Did she know he was married with children?
And please don't stop the payment, he has an obligation to his child, however painful that is for you.

Take your time to absorb it all before making any decisions.

Outlook12 · 12/04/2018 19:57

i would rather sell and go separate ways. I don"t need 4 double bedrooms, small flat will do. WIll book solicitor when kids are back to school next week. my small salary now goes for extra curric for kids and some nice stuff.

OP posts:
Outlook12 · 12/04/2018 20:00

Toffee, she did know. In fact, she is a stable relationship herself, but not married. And she knew about the name.
I really hope that she is not getting British passport. But he can always invite her over, I guess.

OP posts:
Outlook12 · 12/04/2018 20:01

She WAS in relationship, don't know about the present status. Im possible to verify.

OP posts:
TheRagingGirl · 12/04/2018 20:03

I think you could ask him what personal expenditure of his he will forgo so that the £200 per month is no longer taken from his children & wife. Or what second job he will take on to earn the extra £50 per week?

Of course he has to support his 3rd child he's a silly fool getting himself with another child like that but not at yours or your children's expense.
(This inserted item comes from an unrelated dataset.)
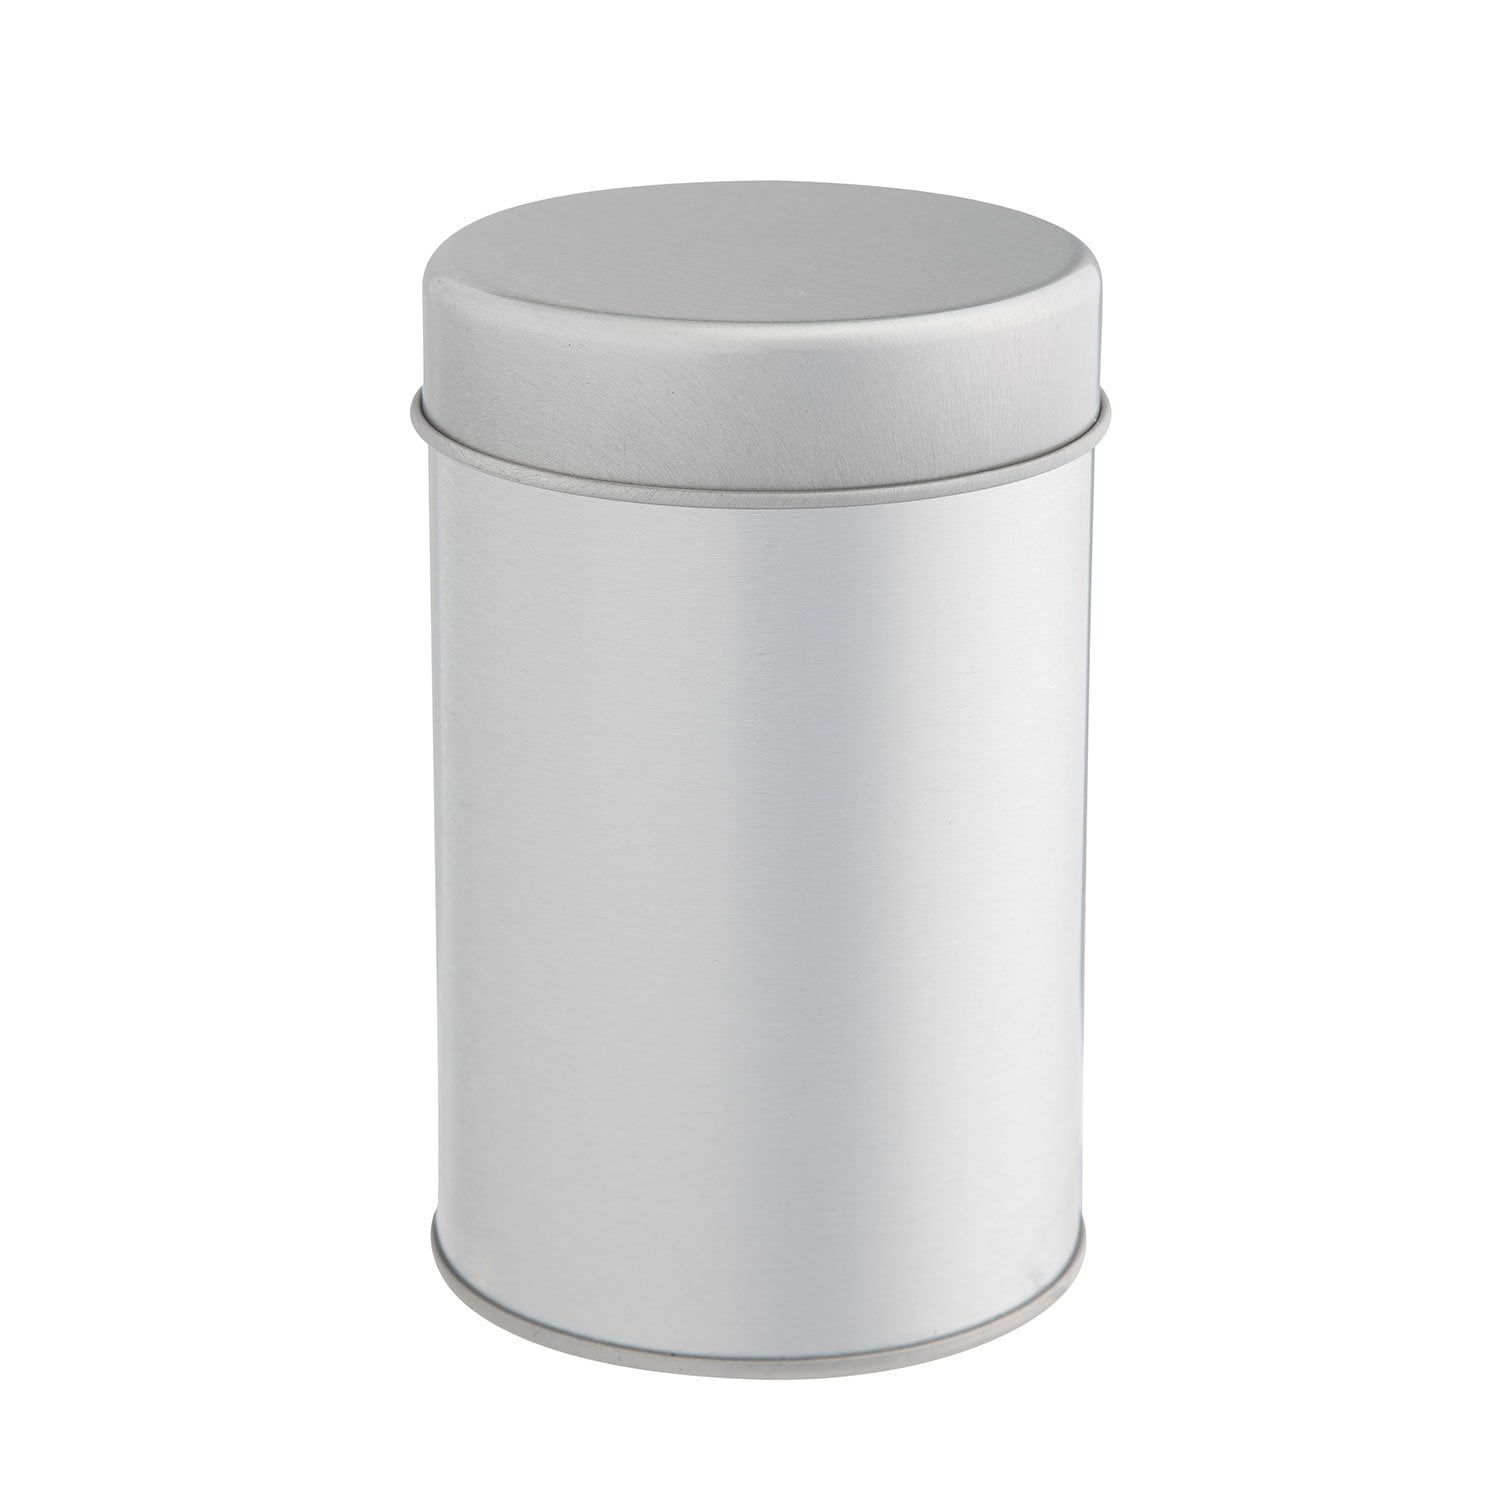 Onyx Airtight Metal Storage Container Set in Small or Large Sizes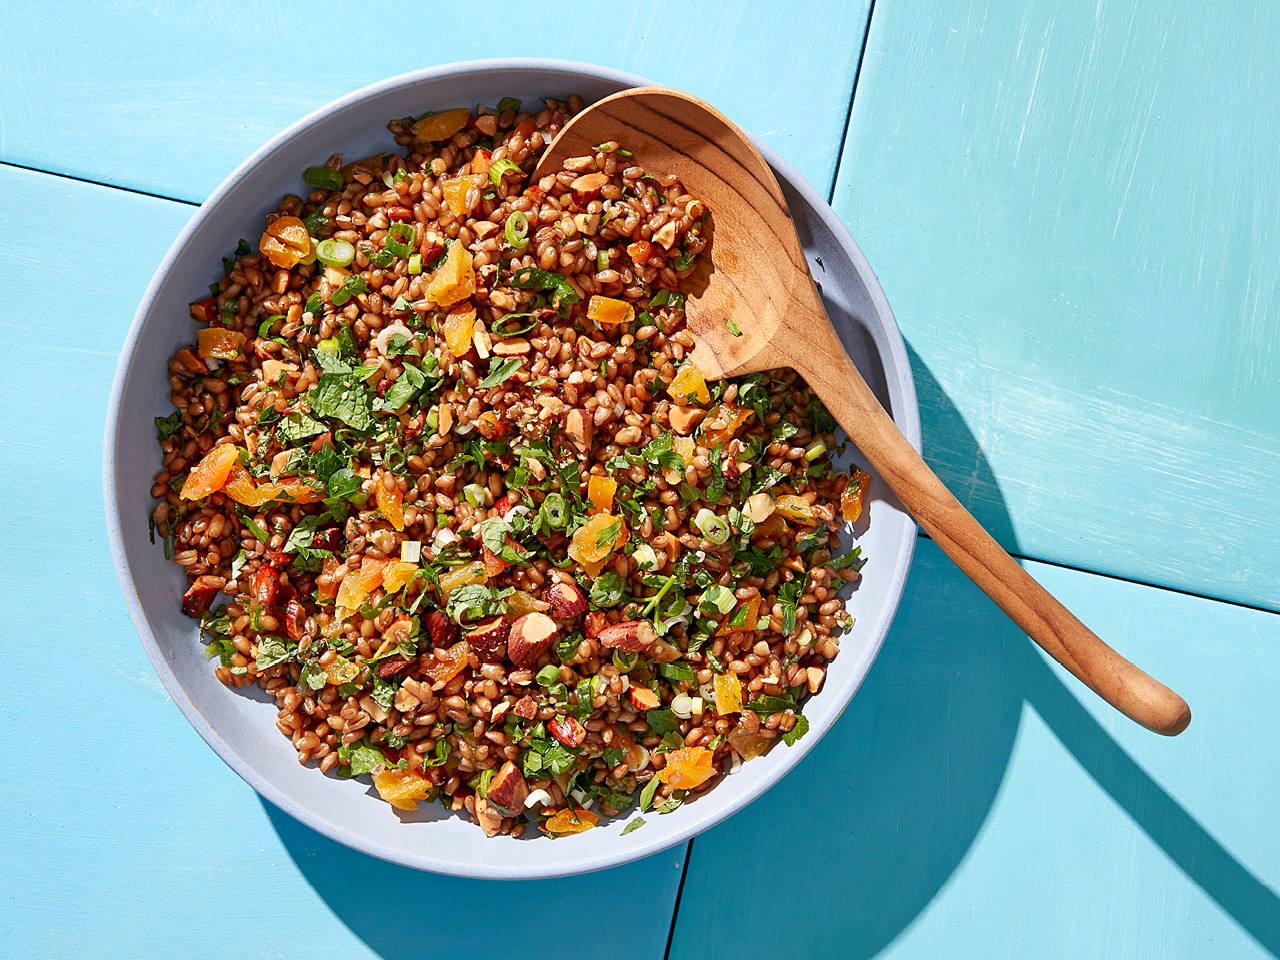 Herbed wheat berry salad with apricots and almonds in a blue bowl on a blue table with a wooden spoon resting in the salad

AdaColeman · 12/04/2018 20:04

He won't stop the payments to the child, he will just find a way of doing it that is harder for you to trace, and he's keen to keep getting photos etc, so clearly has no intention of cutting contact with OW, and you are just meant to suck that up Outlook!! What a total bastard.

He's very emotionally involved with OW & child by the sound of it.

You might be able to get a settlement that includes you staying in the house until the children finish full time education, you will be advised by your solicitor about that.